* [PATCH v2 4.19 0/3] Backport patches to fix threadgroup_rwsem <-> cpus_read_lock() deadlock
@ 2023-03-20 1:15 Cai Xinchen
2023-03-20 1:15 ` [PATCH v2 4.19 1/3] cgroup/cpuset: Change cpuset_rwsem and hotplug lock order Cai Xinchen
` (2 more replies)
0 siblings, 3 replies; 5+ messages in thread
From: Cai Xinchen @ 2023-03-20 1:15 UTC (permalink / raw)
To: longman, lizefan.x, tj, hannes, gregkh, sashal
Cc: mkoutny, zhangqiao22, juri.lelli, penguin-kernel, stable, cgroups,
linux-kernel
I am very sorry.
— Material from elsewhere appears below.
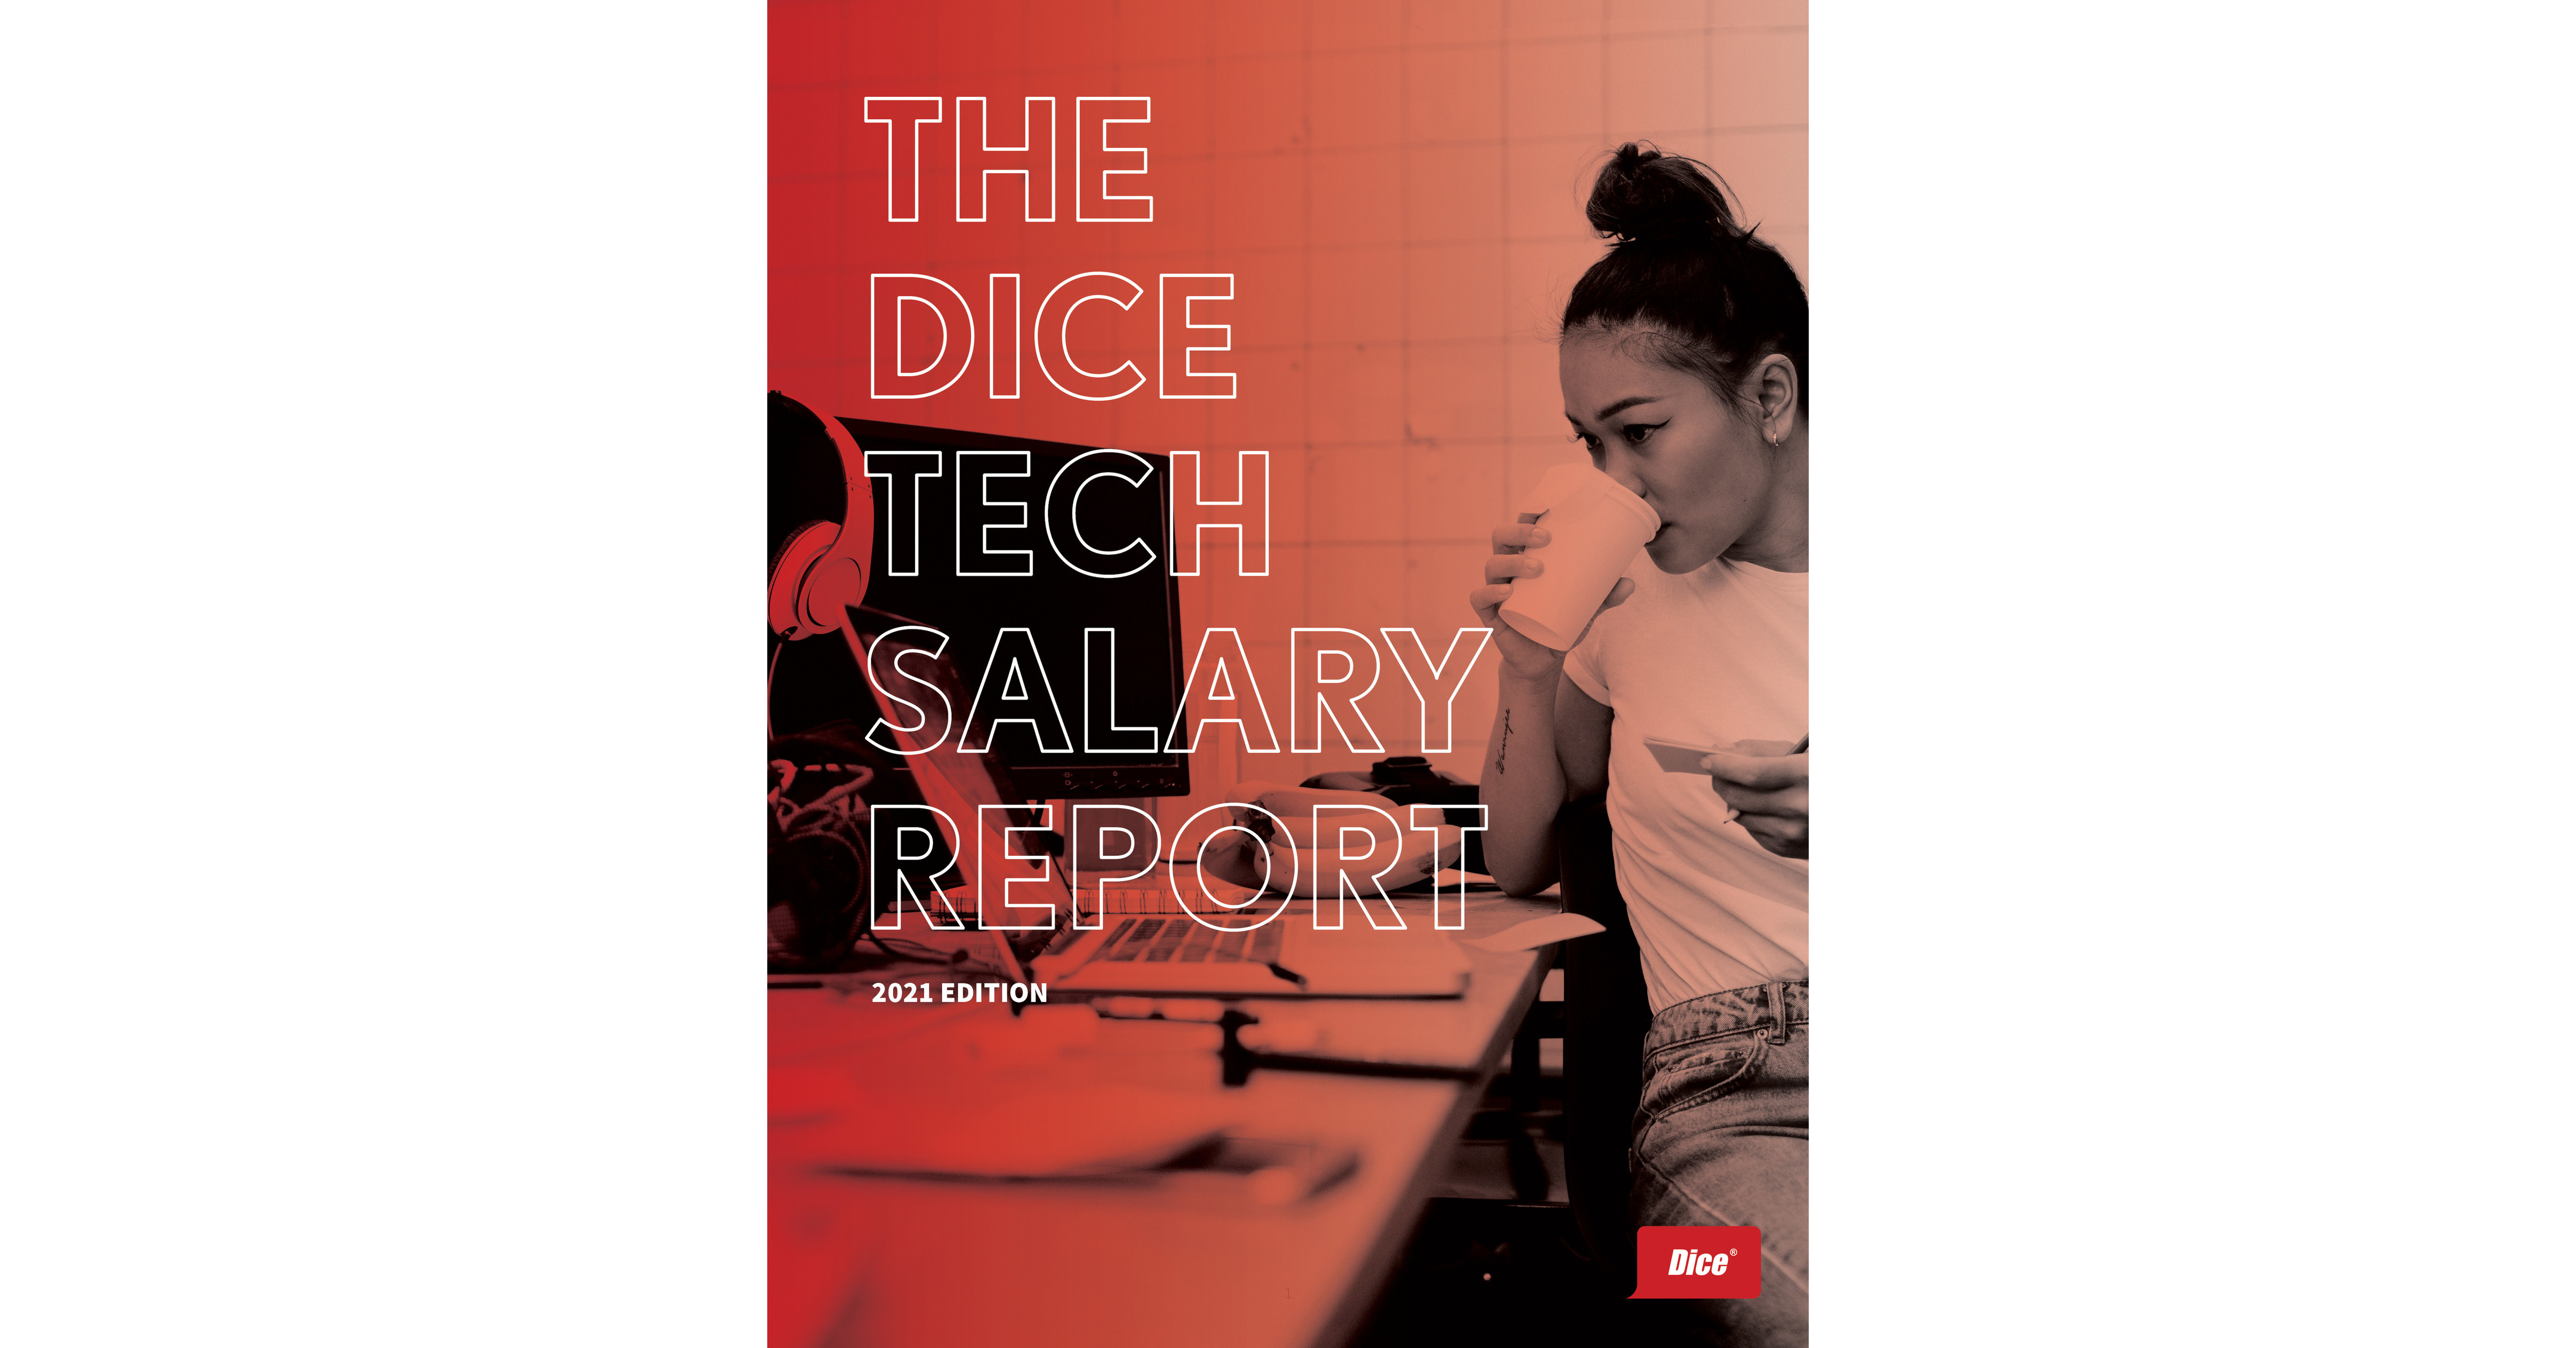 Technologist Salaries Rose 3.6 in 2020 Dice Releases Tech Salary Report

My gcc version is 7.5 and it does not report error.
We have a deadlock problem which can be solved by commit 4f7e7236435ca
("cgroup: Fix threadgroup_rwsem <-> cpus_read_lock() deadlock").
However, it makes lock order of cpus_read_lock and cpuset_mutex
wrong in v4.19. The call sequence is as follows:
cgroup_procs_write()
cgroup_procs_write_start()
get_online_cpus(); // cpus_read_lock()
percpu_down_write(&cgroup_threadgroup_rwsem)
cgroup_attach_task
cgroup_migrate
cgroup_migrate_execute
ss->attach (cpust_attach)
mutex_lock(&cpuset_mutex)
it seems hard to make cpus_read_lock is locked before
cgroup_threadgroup_rwsem and cpuset_mutex is locked before
cpus_read_lock unless backport the commit d74b27d63a8beb
("cgroup/cpuset: Change cpuset_rwsem and hotplug lock order")
Changes in v2:
* Add #include <linux/cpu.h> in kernel/cgroup/cgroup.c to
avoid some compile error.
* Exchange get_online_cpus() location in cpuset_attach to
keep cpu_hotplug_lock->cpuset_mutex order, although it will
be remove by ("cgroup: Fix threadgroup_rwsem <->
cpus_read_lock() deadlock")
Juri Lelli (1):
cgroup/cpuset: Change cpuset_rwsem and hotplug lock order
Tejun Heo (1):
cgroup: Fix threadgroup_rwsem <-> cpus_read_lock() deadlock
Tetsuo Handa (1):
cgroup: Add missing cpus_read_lock() to cgroup_attach_task_all()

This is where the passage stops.